Let food be thy medicine and medicine be thy food (Hippocrates)

The case for bitter

You only have to look at the face of a baby who is introduced to a bitter food to know that it is an acquired taste!

As we grow and mature, we lose taste buds and are able to tolerate bitter plants safely in small quantities. Yet in today’s industrialised food scene, even adults baulk at bitter flavours and prefer the ubiquitous sweet and salty foods that have been designed to stimulate our palettes and make us eat more. We put sugar and milk in our coffee, we eat low cacao, high sugar and milk chocolate, we eschew grapefruit and citrus peel, and hate radicchio, radish and endive. Many even dislike the bitterness of olive oil. Somehow beer, although bitter, seems to be well tolerated, possibly because of its alcoholic side effects.

We often think we know more than our ancestors did, but they had a comprehensive understanding of the curative power of plants. One of the many examples is willow bark, which was ingested to ease pain and relieve fever for thousands of years; today we distil the active ingredient in it to make the painkiller aspirin. To protect themselves against predators, plants produce chemical compounds, many of which are bitter tasting and even poisonous. Evolutionarily, bitter tastes warned humans and animals of the potential of the plant to make us sick or even kill us. However, there is another side to bitter tasting vegetables, herbs and fruit - they help to improve digestion and stimulate the appetite, they can balance out sweeter flavours and make our cooking more complex and interesting.
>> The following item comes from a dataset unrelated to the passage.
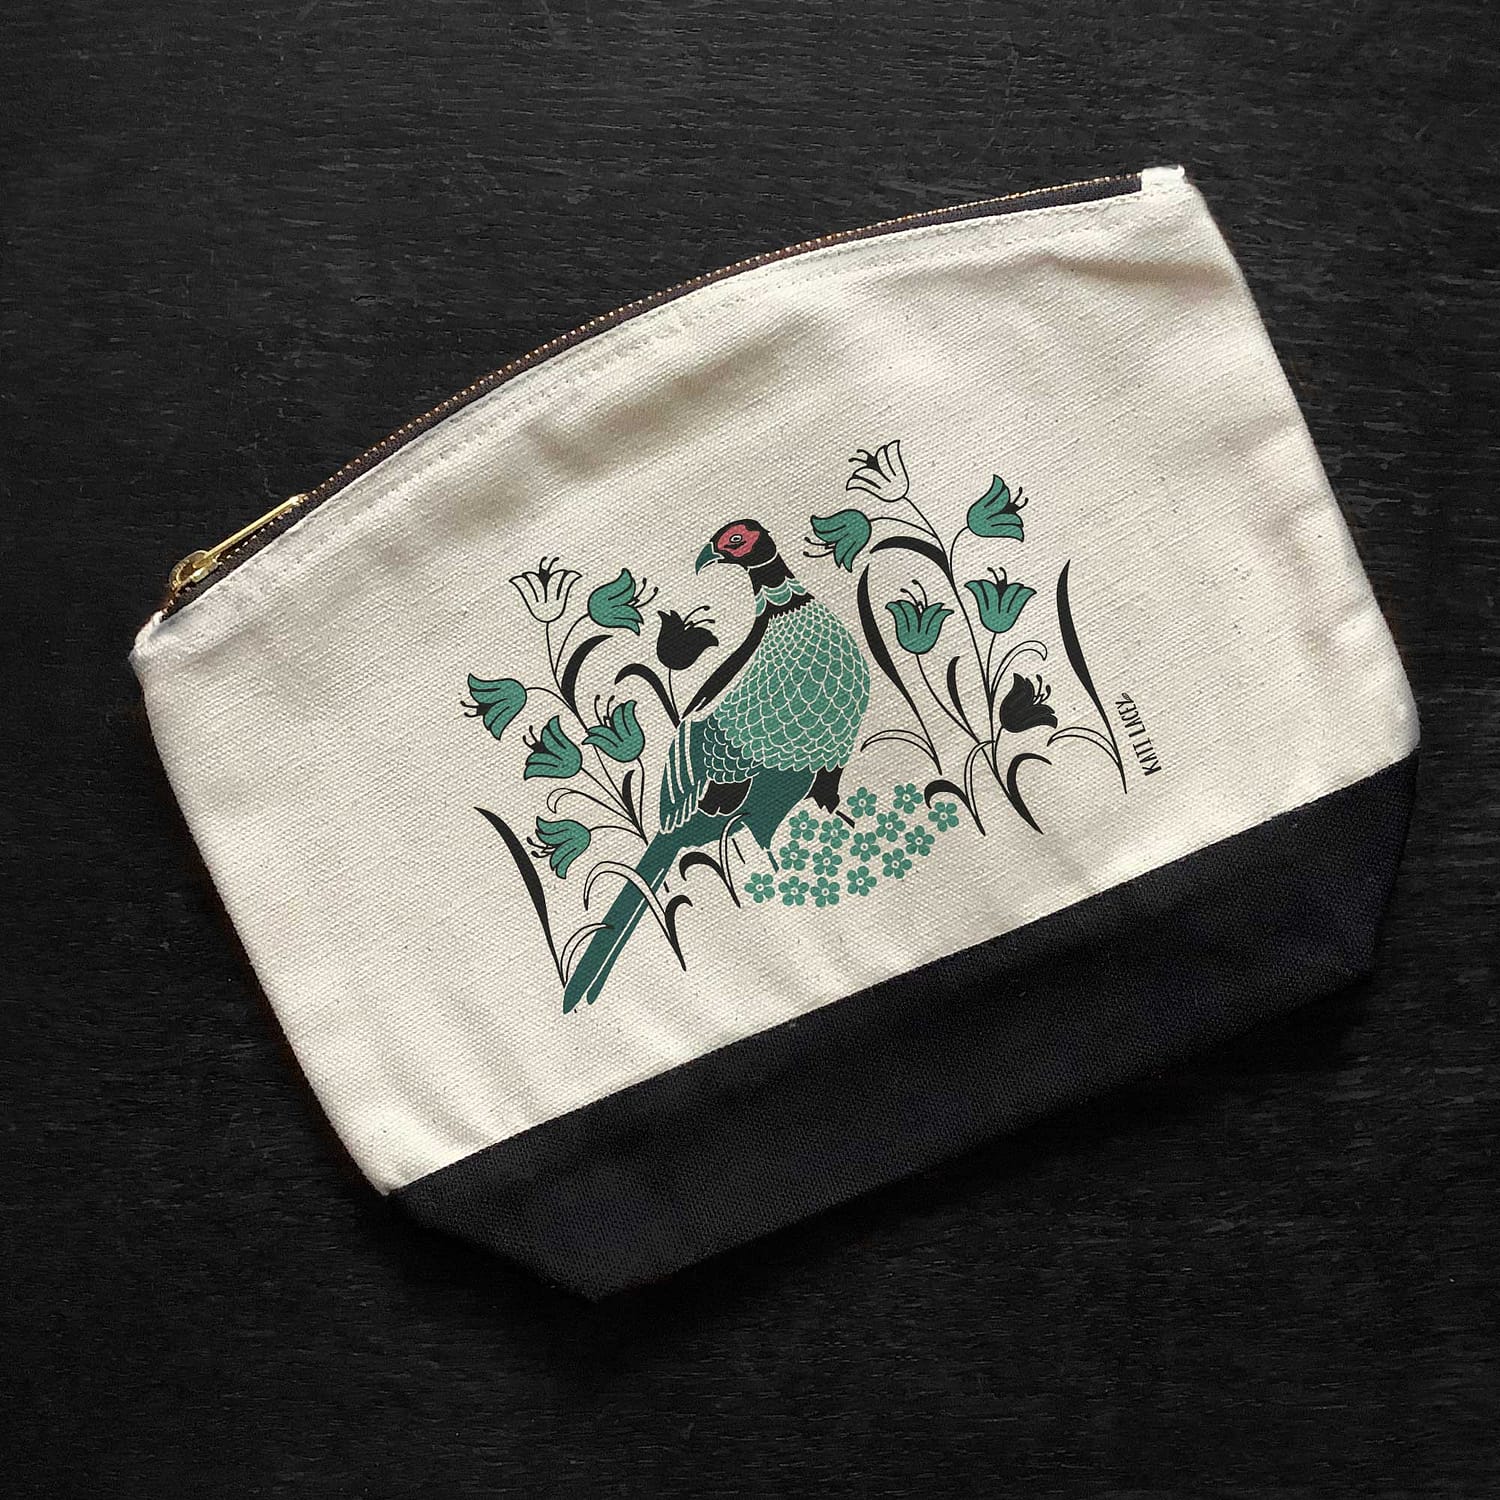 Pheasant on pouch-washbag-toiletry bag-pencil case-make up bag-storage bag for travel-medication bag-luxury
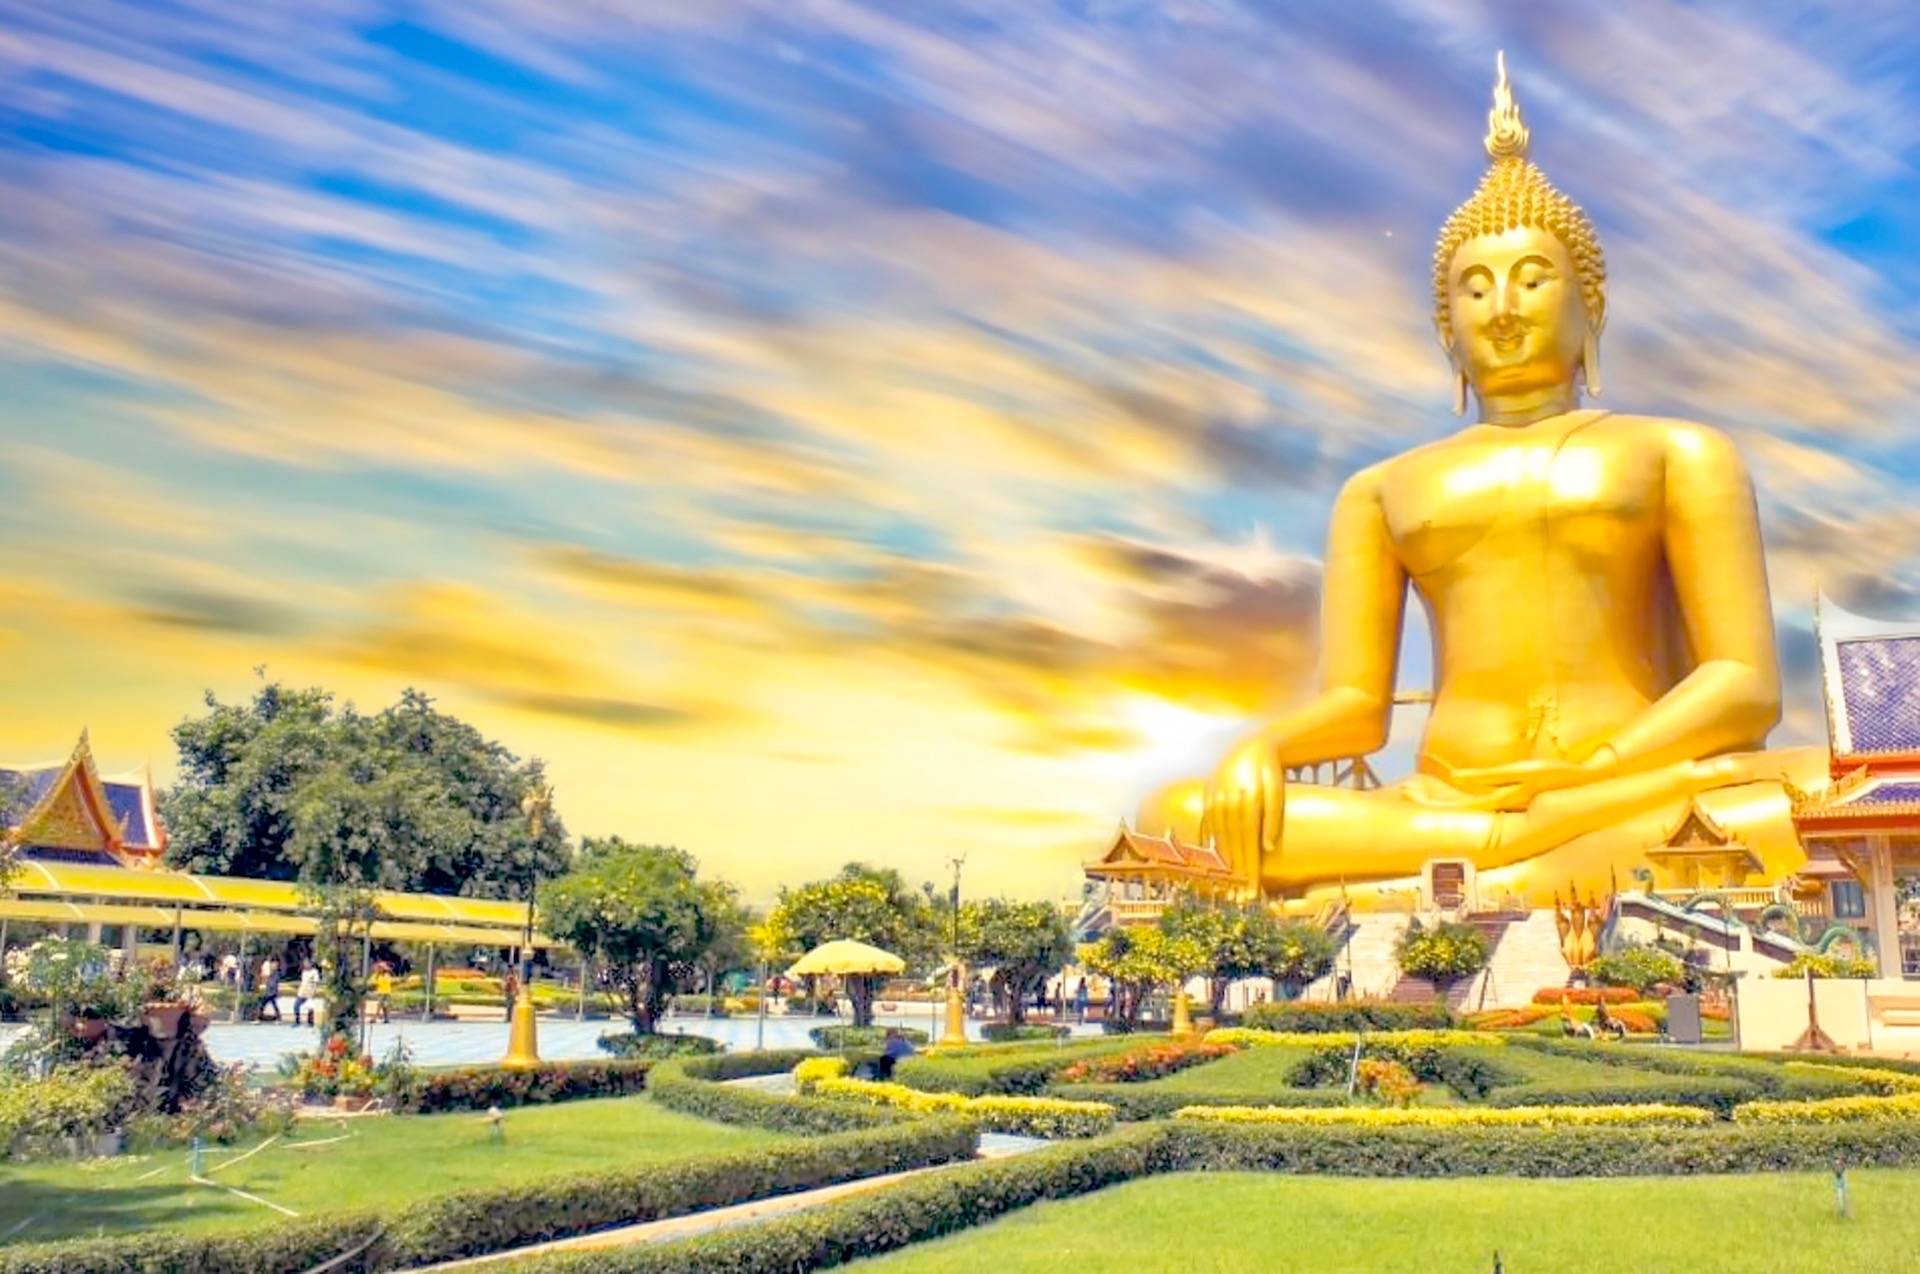 Wat Muang - “Golden Buddha” Temple Ang Tong and more in Thailand!

As Jennifer McLagan explains in her book “Bitter - A taste of the world’s most dangerous flavour”, we know of the benefits of vitamins and fibre in plants, but we are now discovering that phytochemicals are equally important, some are anti-oxidant protecting our tissues from damage and disease, some are anti-inflammatory or analgesic, some reduce fevers. A number of these compounds are responsible for the bitter taste of plants and are grouped according to their chemical composition into phenols, polyphenols, flavonoids, glucosinolates, terpenes and alkaloids.   

The best way to benefit from these phytochemicals is to eat many different plants and not to avoid the bitter tasting ones. I encourage you to start your discovery of the many grades and subtleties of this complicated and intriguing taste, from the downright tongue-curling to the soft and elusive.